Stick with the plan (not to be confused with “doing nothing”)
A well thought out financial and investment plan will incorporate the:
- “whys” for investing – (i.e. – “to outpace inflation”, “grow investments to achieve long-term goals”, “to leave a legacy to my heirs”, etc.)
- “how” the investments will aid in reaching goals – (i.e. – buckets of investments to accomplish short-term, medium-term, and long-term goals)
- “what” investments will be used – (stocks, ETFs, mutual funds, CDs, actively managed funds, passively managed funds, etc.)
- “when” goals need to be met or when large life events will occur (pretty self explanatory 😊)
Understandably, plans are ever changing as life throws curveballs, but making reactionary choices based off short term market events can result in some pretty significant under performance in the long-term.
Defining personal risk tolerance and periodically revisiting this tolerance as it relates to the ability of achieving goals rather than revisiting risk appetite due to short term market events can help create a clear path and provide a beacon to reach your destination, even when it gets stormy.
Part of staying the course and sticking with the plan means staying within the parameters of a target allocation even when it’s hard to do. This not only means rebalancing to the overall allocation between stocks and bonds, but rebalancing within the underlying asset classes as well.
A portfolio without regular rebalancing over time ends up overweight in one or more asset classes creating a possible over exposure to risk and veering away from the original risk tolerance.
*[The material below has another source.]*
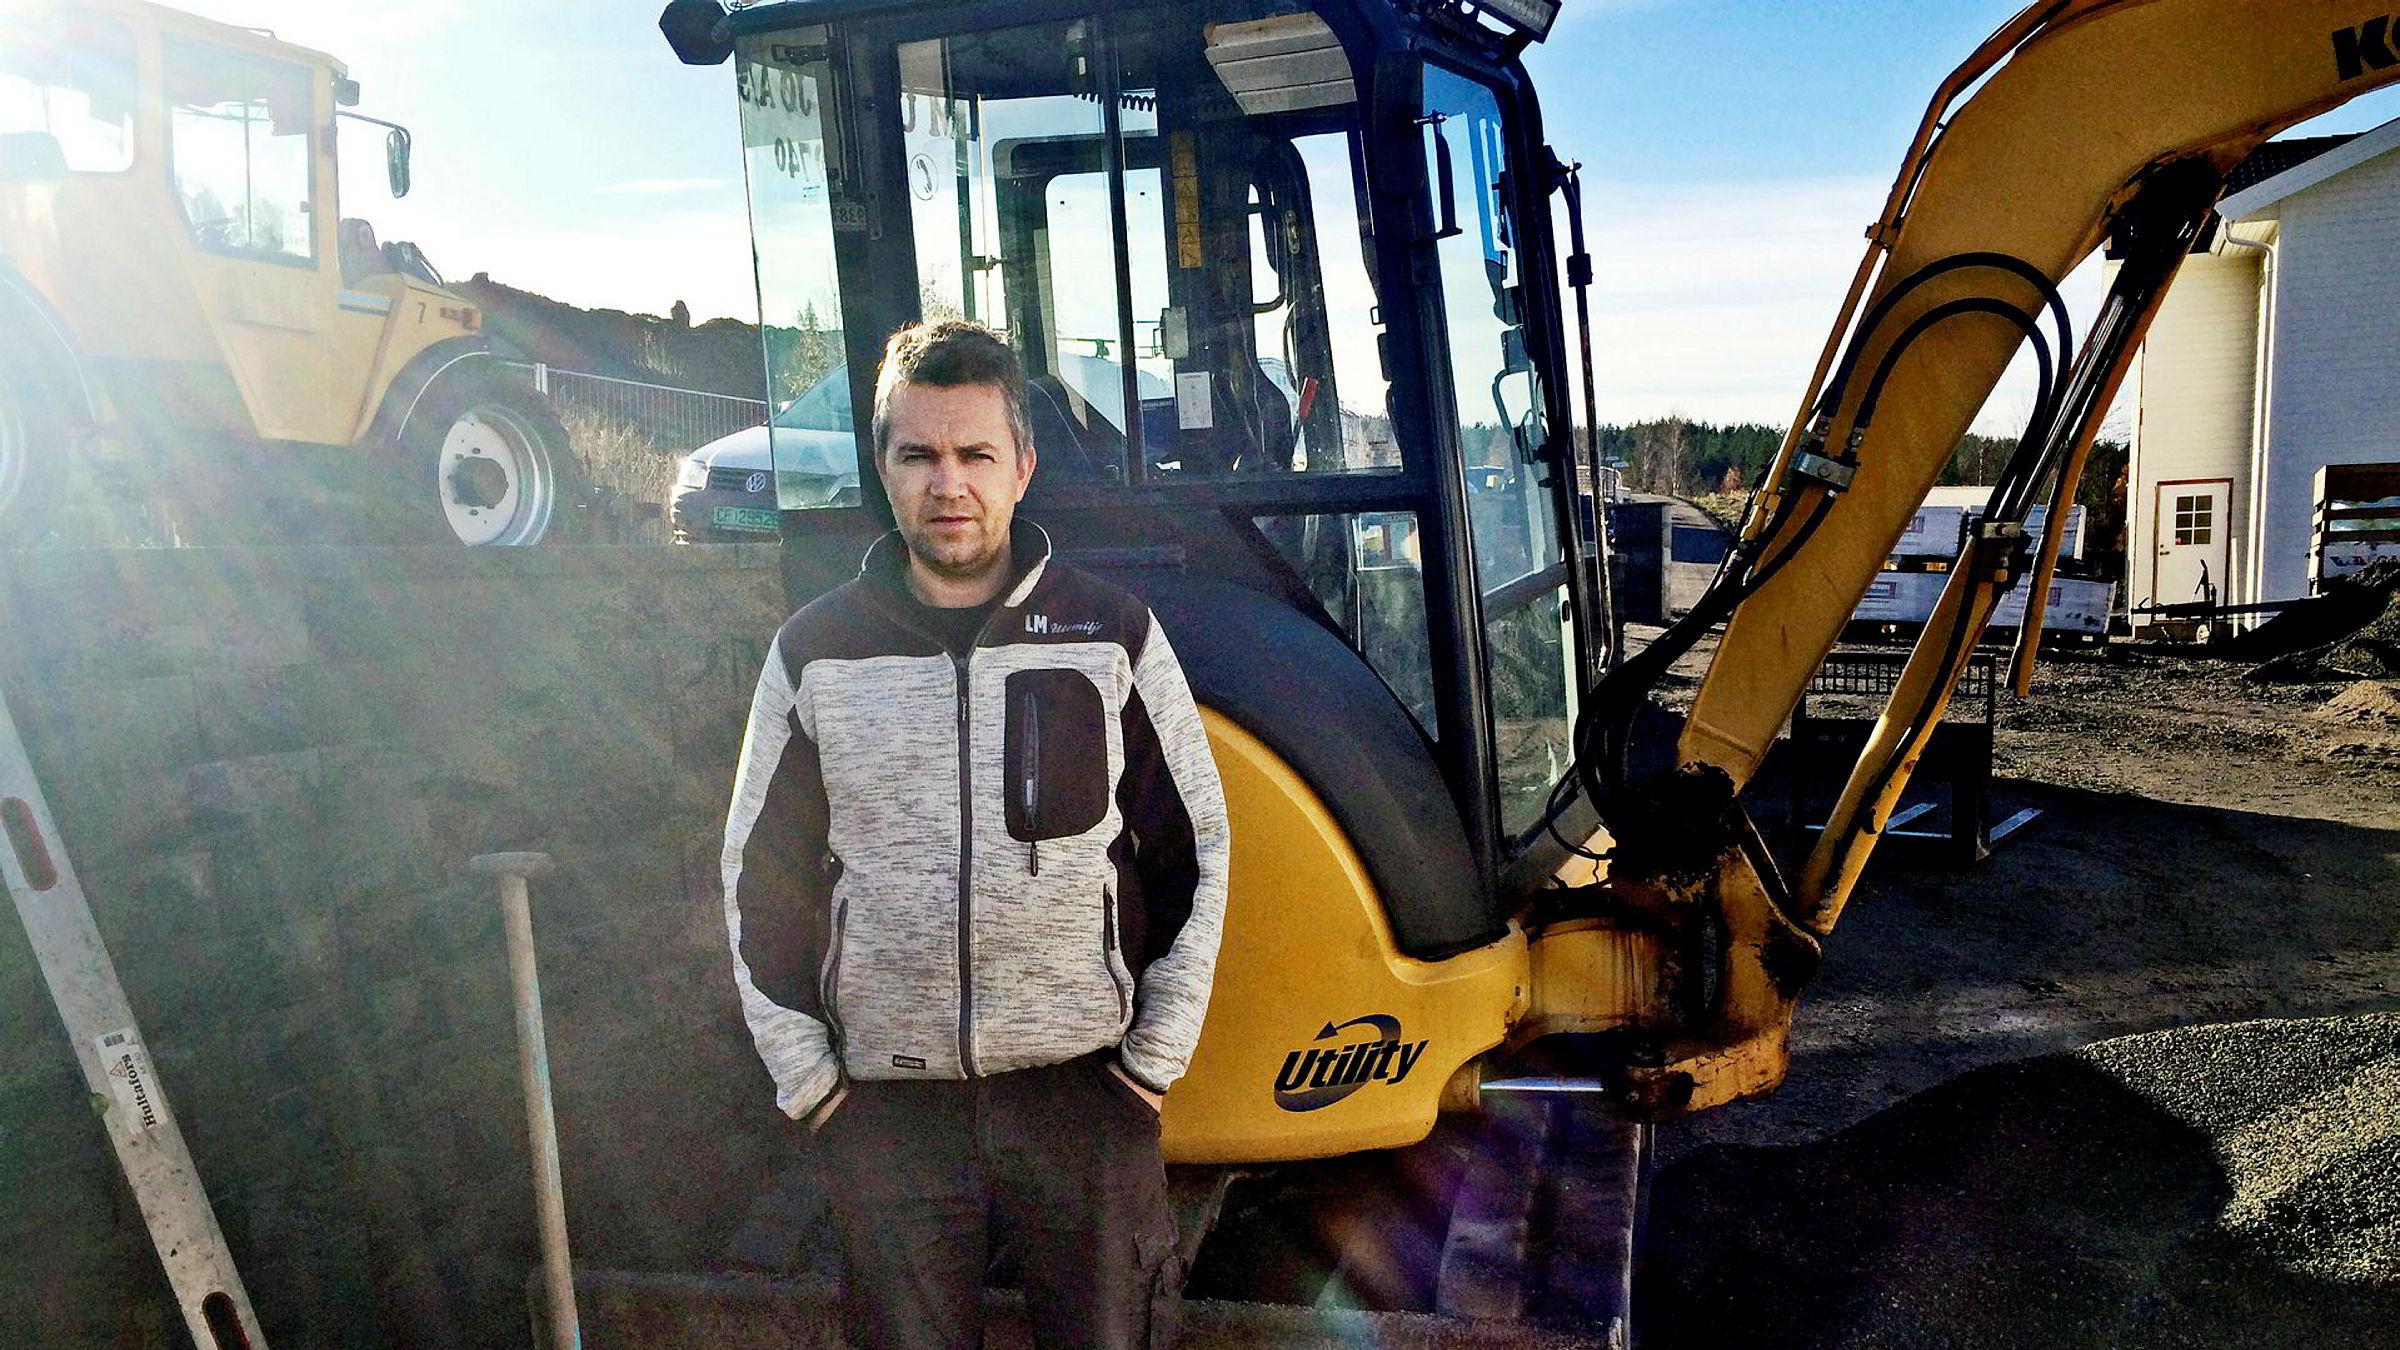 LM Utemiljø og styrelder Inge Malnes omsatte for 7,3 millioner kroner i fjor.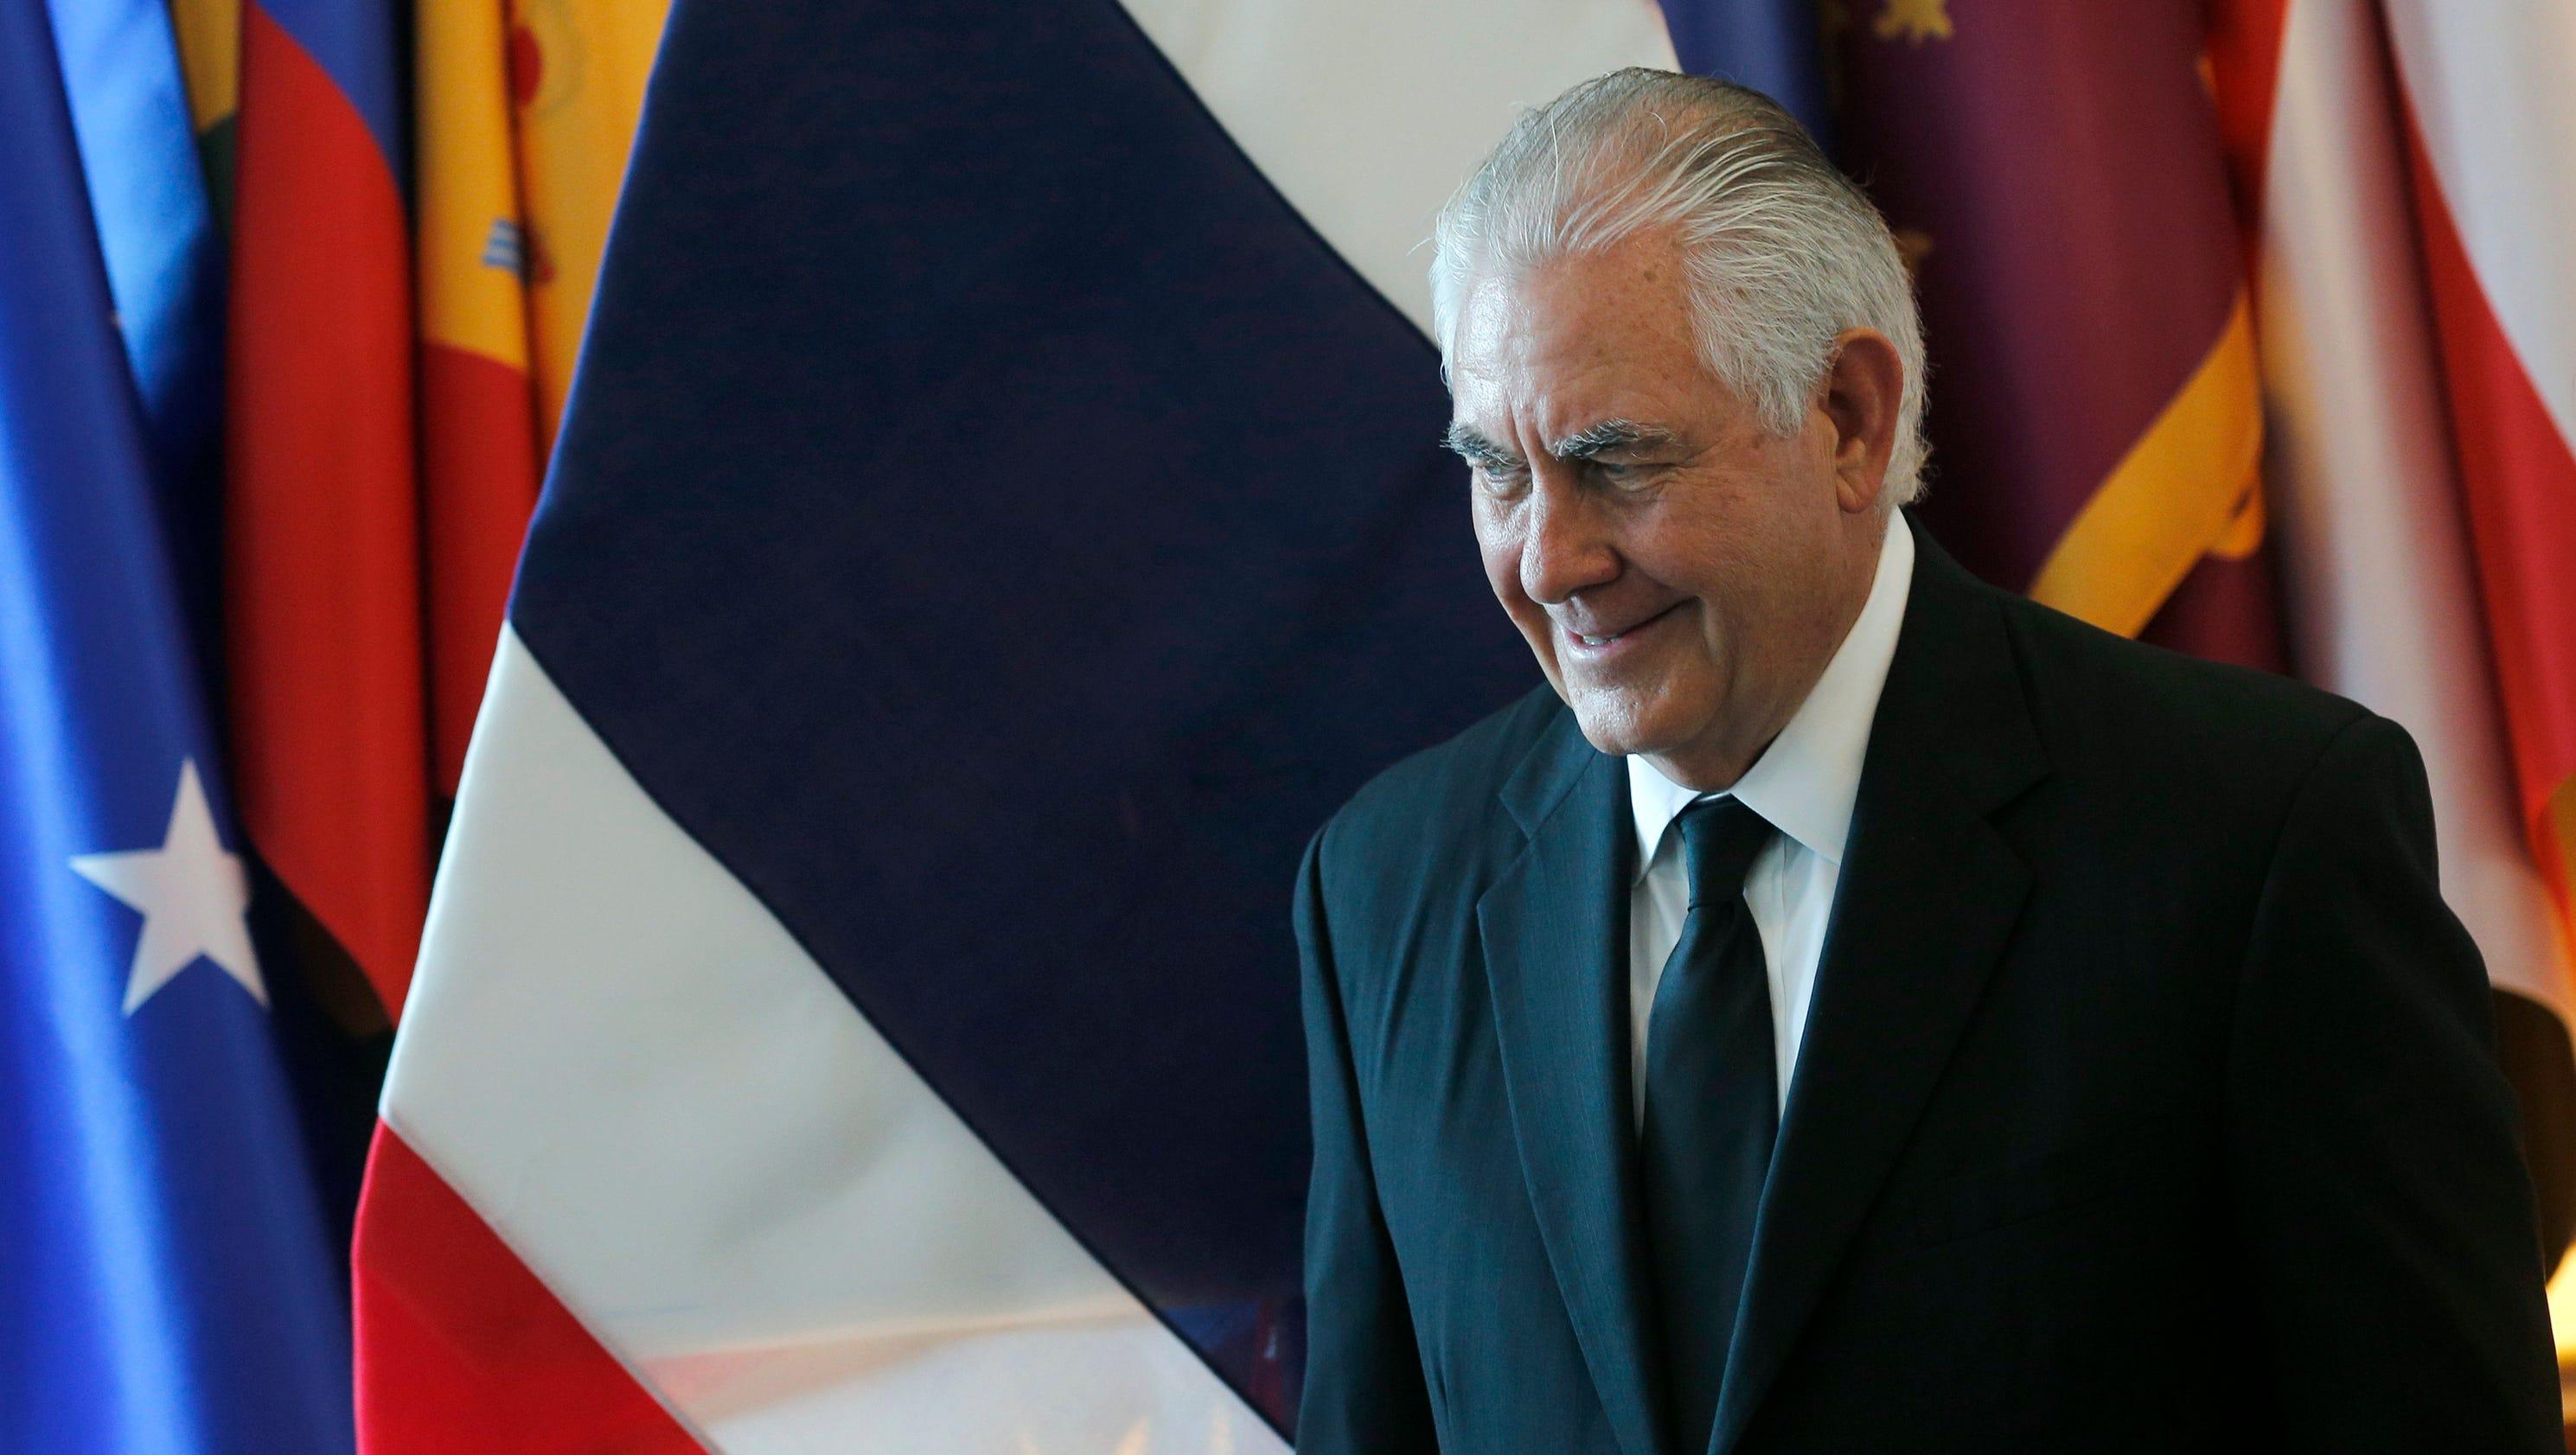 To tame North Korea, Secretary of State Rex Tillerson must master Washington

And while it may feel counterintuitive to sell some of the “winners”, a prudent rebalancing schedule provides a disciplined way to essentially sell high and buy low while staying within your risk comfort zone.
Tax Loss Harvesting
Just as selling some of the winners can feel counterintuitive with rebalancing, tax loss harvesting is a way to capture a loss on purpose to help offset capital gains in the current year or in any future year. There is no limitation for how many years you can carry over capital losses and up to $3,000 of losses above capital gains can be used to offset ordinary taxable income.
Another benefit to this strategy is it can potentially reduce the risk of missing the recovery period of an asset class by selling an underlying security for a loss and simultaneously purchasing a similar fund or stock. This allows the portfolio to maintain asset allocation as well as benefiting from the future upswing of that asset class or type investment.
If converting funds from a pre-tax IRA to a Roth is part of the plan, doing so during down market periods creates an advantage. Investors are able to convert the same dollar amount but with more shares of assets, allowing the assets to recover and continue appreciating in the Roth tax-deferred and withdrawals tax free in the future.
Keep in mind, a Roth conversion doesn’t make sense for every plan and depends on individual tax situations. Also ideally, the taxes on the conversion should be paid out separately from the IRA funds in order to reap the biggest benefit of the conversion.
While we wish we could predict the absolute bottom, we know that diligence, patience, and diversification pay off over time. Taking advantage of lower prices now means buying while both bonds and stocks are on sale (for the most part)! Which is particularly Interesting to note that even if you invested at the worst possible time (aka the highest point), on average it has historically taken 2.7 years to recover.
We continue to watch the economic, market, and global landscapes for clues as to what will happen in the coming weeks and months but position ourselves to withstand any further volatility through diversification and staying true to the plan. In the meantime, we are here to act as your guide to help identify these silver lining opportunities and help you stick with your plan!